A new diet and a failed trainer later, Carpenter opted to continue her weight loss on her own, relying on counting calories and skipping meals. While using these methods, fans started to write to the outfit, asking if the singer was sick. She denied any claims of an eating disorder and instead told the media she was just “pooped.”

Reportedly, Carpenter’s insecurities only grew as she solidified into one of the biggest pop stars of her era.

By mid-1975, The Carpenters were forced to cancel tours of Japan and Europe after Karen collapsed on stage during a show in Las Vegas. Her weight had plummeted to only 90 lbs. Those around her thought some time spent in a hospital would turn things around for the “Close to You” singer. The next seven years were a repeating cycle of dramatic weight loss, collapse, and then hospitalization.

Anorexia Nervosa

While the reality of her condition had stayed relatively under the radar, on February 4, 1983, Carpenter suffered from a deadly heart attack at her parent’s home in Downey, California. Her sudden heart failure was brought on by the physiological stresses placed on her system by the disease whose name soon entered the public consciousness: anorexia nervosa.

Paramedics said her heart was beating once every 10 seconds before she died at Downey Community Hospital a few hours later at 9:15 am. An autopsy ruled out drugs or a medication overdose, describing her death as “emetine cardiotoxicity due to or as a consequence of anorexia nervosa.”

A coroner blamed a repeated use of ipecac syrup, an over-the-counter emetic used to induce vomiting.

Carpenter’s death raised awareness of eating disorders in a way that had seldom been discussed before. From a generation of women who saw Twiggy as an icon of the ideal body shape, Carpenter’s death proved it was, in fact, possible to be too thin.

After her death, a number of public figures shared their own struggles with anorexia and bulimia, most notably Princess Diana. While a group of doctors and therapists, who specialized in eating disorders, urged the FDA to ban the over-the-counter sale of the vomit-inducing drug ipecac.

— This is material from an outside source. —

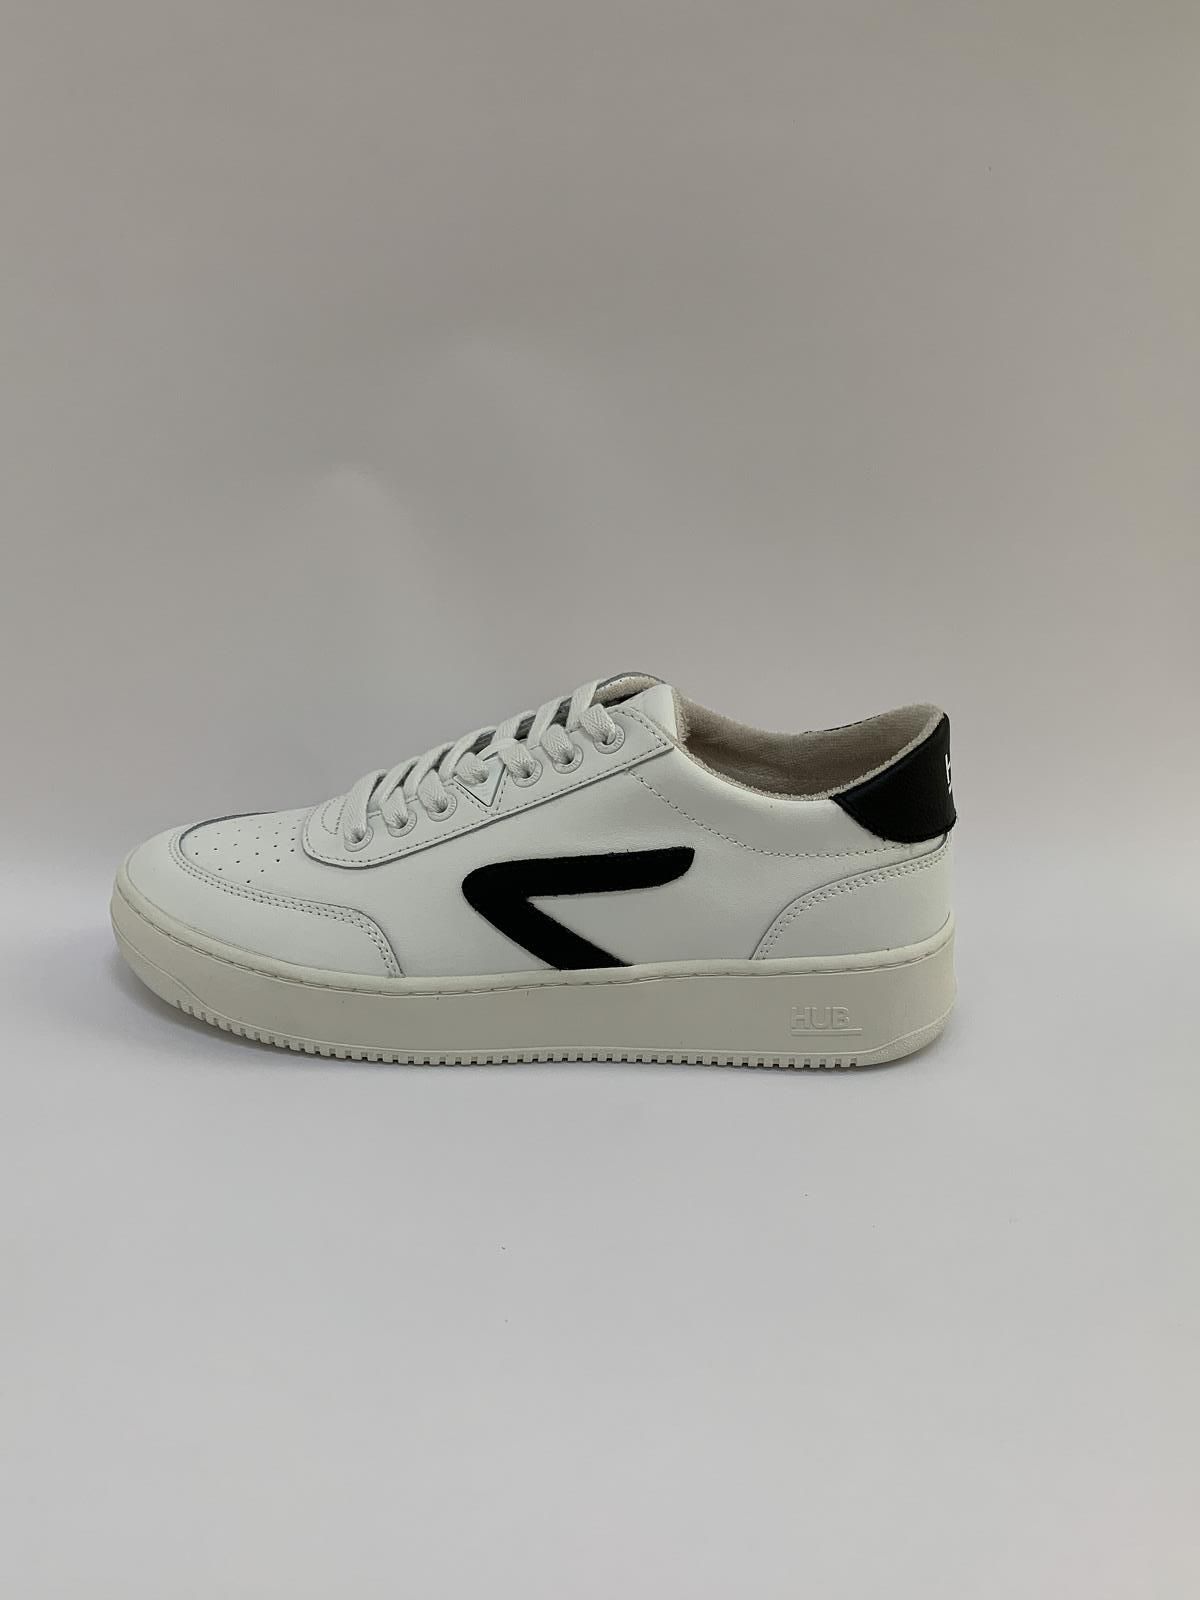 HUB Sneaker Wit+kleur heren (Sneaker Force Wit-Zwart - Baseline) - Schoenen Luca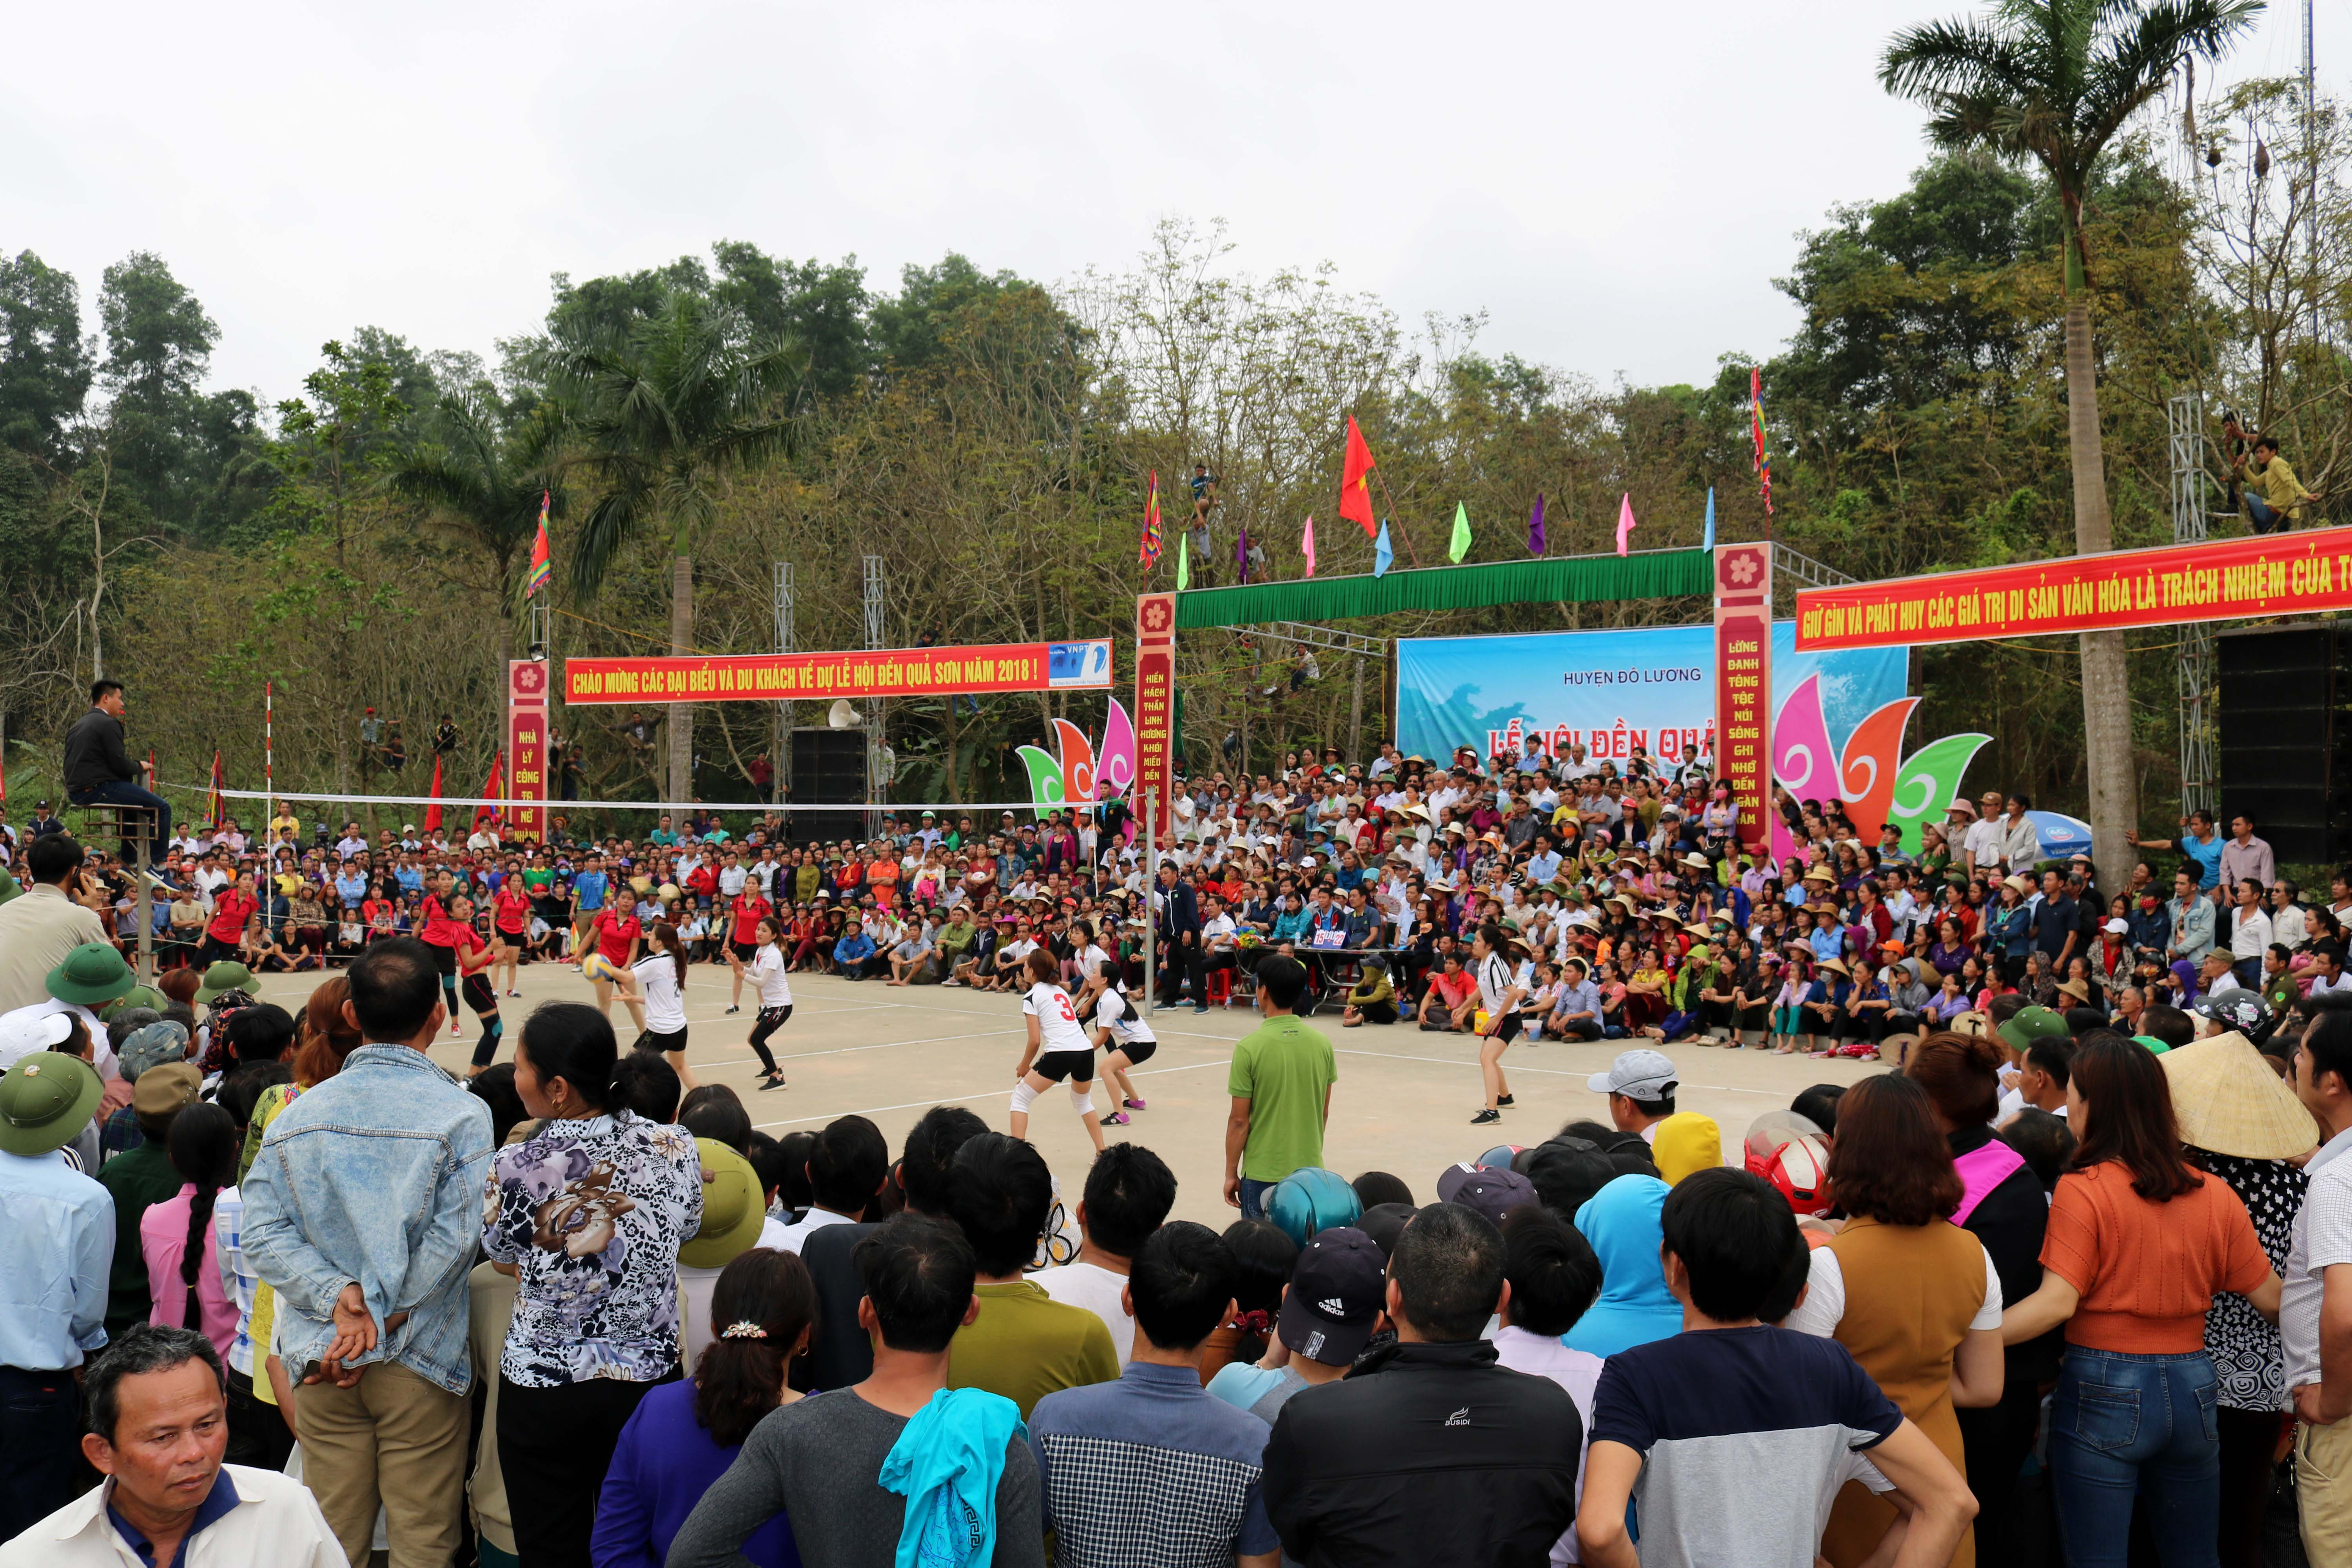 Sáng 6/3, diễn ra trận đấu bóng chuyền nữ giữa các xã trong huyện Đô Lương, hàng nghìn người trên sân háo hức theo dõi. Ảnh: Huy Thư

Many fellow pop stars have heralded Carpenter as a pioneer of the genre. The likes of Chrissie Hynde, Madonna, Sheryl Crow, Dolores O’Riordan of the Cranberries, and Sonic Youth’s Kim Althea Gordon have all noted her influence.

A 1994 tribute album featured a host of popular artists taking on the duo’s greatest hits. The Cranberries brought their shoe-gaze rock to “(They Long To Be) Close To You” while Sheryl Crow strummed through a rendition of “Solitaire.”